Note: for a lot more examples of using this and other pasv commands, see here.

Required arguments

pasv hmm has four required arguments:

For full CLI usage info, run pasv hmm --help.

Set up environment variables

These are some environment variables that we will use in the example scripts. I am assuming you are running this from the following directory with respect to the pasv source directory: ./_examples/pasv_hmm. (If you are not, you can download the data files on GitHub.)

$ export QUERIES=amk_queries.fa
$ export REFS=P00582.refs.aln.hmm
$ export MAIN_REF=amk_main_ref.fa
$ export OUTDIR=apple
$ export RESIDUES=50,52,54

Basic usage

# Clean up outdir if it exists.
$ [ -d "${OUTDIR}" ] && rm -r "${OUTDIR}"

# Run pasv-hmm.
$ pasv hmm --outdir="${OUTDIR}" "${QUERIES}" "${REFS}" "${MAIN_REF}" "${RESIDUES}"

The output file will be apple/amk_queries.pasv_signatures.tsv. Here are the contents.

name pos_50 pos_52 pos_54 signature spans_start spans_end spans
AMK99662_spans_start_20_60_IQK I Q K IQK NA NA NA
AMK99662_spans_start_19_60_IQK I Q K IQK NA NA NA
AMK99662_21_60_IQK I Q K IQK NA NA NA
AMK99662_spans_end_40_80_IQK I Q K IQK NA NA NA
AMK99662_spans_end_40_81_IQK I Q K IQK NA NA NA
AMK99662_40_79_IQK I Q K IQK NA NA NA
AMK99662_spans_both_20_80_IQK I Q K IQK NA NA NA
AMK99662_spans_both_19_81_IQK I Q K IQK NA NA NA
AMK99662_21_79_IQK I Q K IQK NA NA NA
AMK99662_full_length_IQK I Q K IQK NA NA NA
AMK99662_real_seq_IQK I Q K IQK NA NA NA
AMK99662_full_length_extra_IQK I Q K IQK NA NA NA
AMK99662_spans_start_20_60_ABC A B C ABC NA NA NA
AMK99662_spans_start_19_60_ABC A B C ABC NA NA NA
AMK99662_21_60_ABC A B C ABC NA NA NA
AMK99662_spans_end_40_80_ABC A B C ABC NA NA NA
AMK99662_spans_end_40_81_ABC A B C ABC NA NA NA
AMK99662_40_79_ABC A B C ABC NA NA NA
AMK99662_spans_both_20_80_ABC A B C ABC NA NA NA
AMK99662_spans_both_19_81_ABC A B C ABC NA NA NA
AMK99662_21_79_ABC A B C ABC NA NA NA
AMK99662_full_length_ABC A B C ABC NA NA NA
AMK99662_real_seq_ABC A B C ABC NA NA NA
AMK99662_full_length_extra_ABC A B C ABC NA NA NA


For a detailed explanation of this file's format, see here.

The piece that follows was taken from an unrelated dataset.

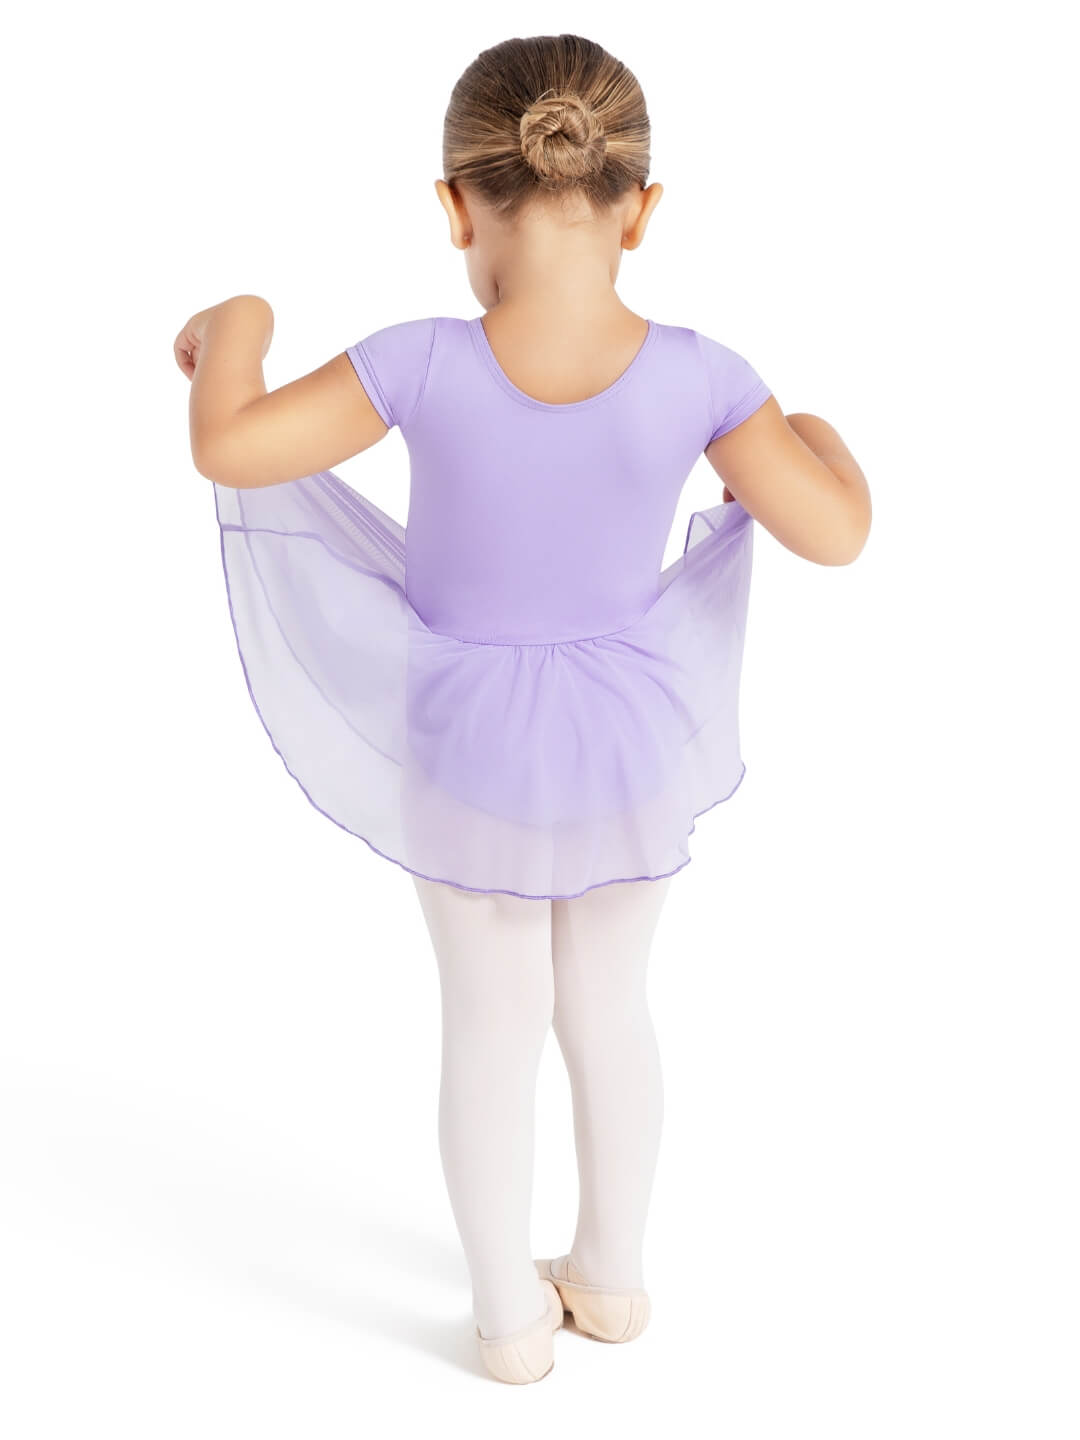 Capezio Short Sleeve Dress Child SE1037C

One thing to note is that there are a lot of NA values present in the output. This is because we didn't provide a region of interest. Let's see how to do that.

With region of interest

You can also use pasv to check if query sequences span a region of interest with respect to the key reference sequence.

# Clean up outdir if it exists.
$ [ -d "${OUTDIR}" ] && rm -r "${OUTDIR}"

# Run pasv-hmm.
$ pasv hmm \
    --roi-start=20 \
    --roi-end=80 \
    --outdir="${OUTDIR}" \
    "${QUERIES}" \
    "${REFS}" \
    "${MAIN_REF}" \
    "${RESIDUES}"

The output file will be here: "${OUTDIR}/aln.pasv_signatures.tsv". Here are the contents:

name pos_50 pos_52 pos_54 signature spans_start spans_end spans
AMK99662_spans_start_20_60_IQK I Q K IQK Yes No Start
AMK99662_spans_start_19_60_IQK I Q K IQK Yes No Start
AMK99662_21_60_IQK I Q K IQK No No Neither
AMK99662_spans_end_40_80_IQK I Q K IQK No Yes End
AMK99662_spans_end_40_81_IQK I Q K IQK No Yes End
AMK99662_40_79_IQK I Q K IQK No No Neither
AMK99662_spans_both_20_80_IQK I Q K IQK Yes Yes Both
AMK99662_spans_both_19_81_IQK I Q K IQK Yes Yes Both
AMK99662_21_79_IQK I Q K IQK No No Neither
AMK99662_full_length_IQK I Q K IQK Yes Yes Both
AMK99662_real_seq_IQK I Q K IQK Yes Yes Both
AMK99662_full_length_extra_IQK I Q K IQK Yes Yes Both
AMK99662_spans_start_20_60_ABC A B C ABC Yes No Start
AMK99662_spans_start_19_60_ABC A B C ABC Yes No Start
AMK99662_21_60_ABC A B C ABC No No Neither
AMK99662_spans_end_40_80_ABC A B C ABC No Yes End
AMK99662_spans_end_40_81_ABC A B C ABC No Yes End
AMK99662_40_79_ABC A B C ABC No No Neither
AMK99662_spans_both_20_80_ABC A B C ABC Yes Yes Both
AMK99662_spans_both_19_81_ABC A B C ABC Yes Yes Both
AMK99662_21_79_ABC A B C ABC No No Neither
AMK99662_full_length_ABC A B C ABC Yes Yes Both
AMK99662_real_seq_ABC A B C ABC Yes Yes Both
AMK99662_full_length_extra_ABC A B C ABC Yes Yes Both

See how there is data about whether queries span the region of interest?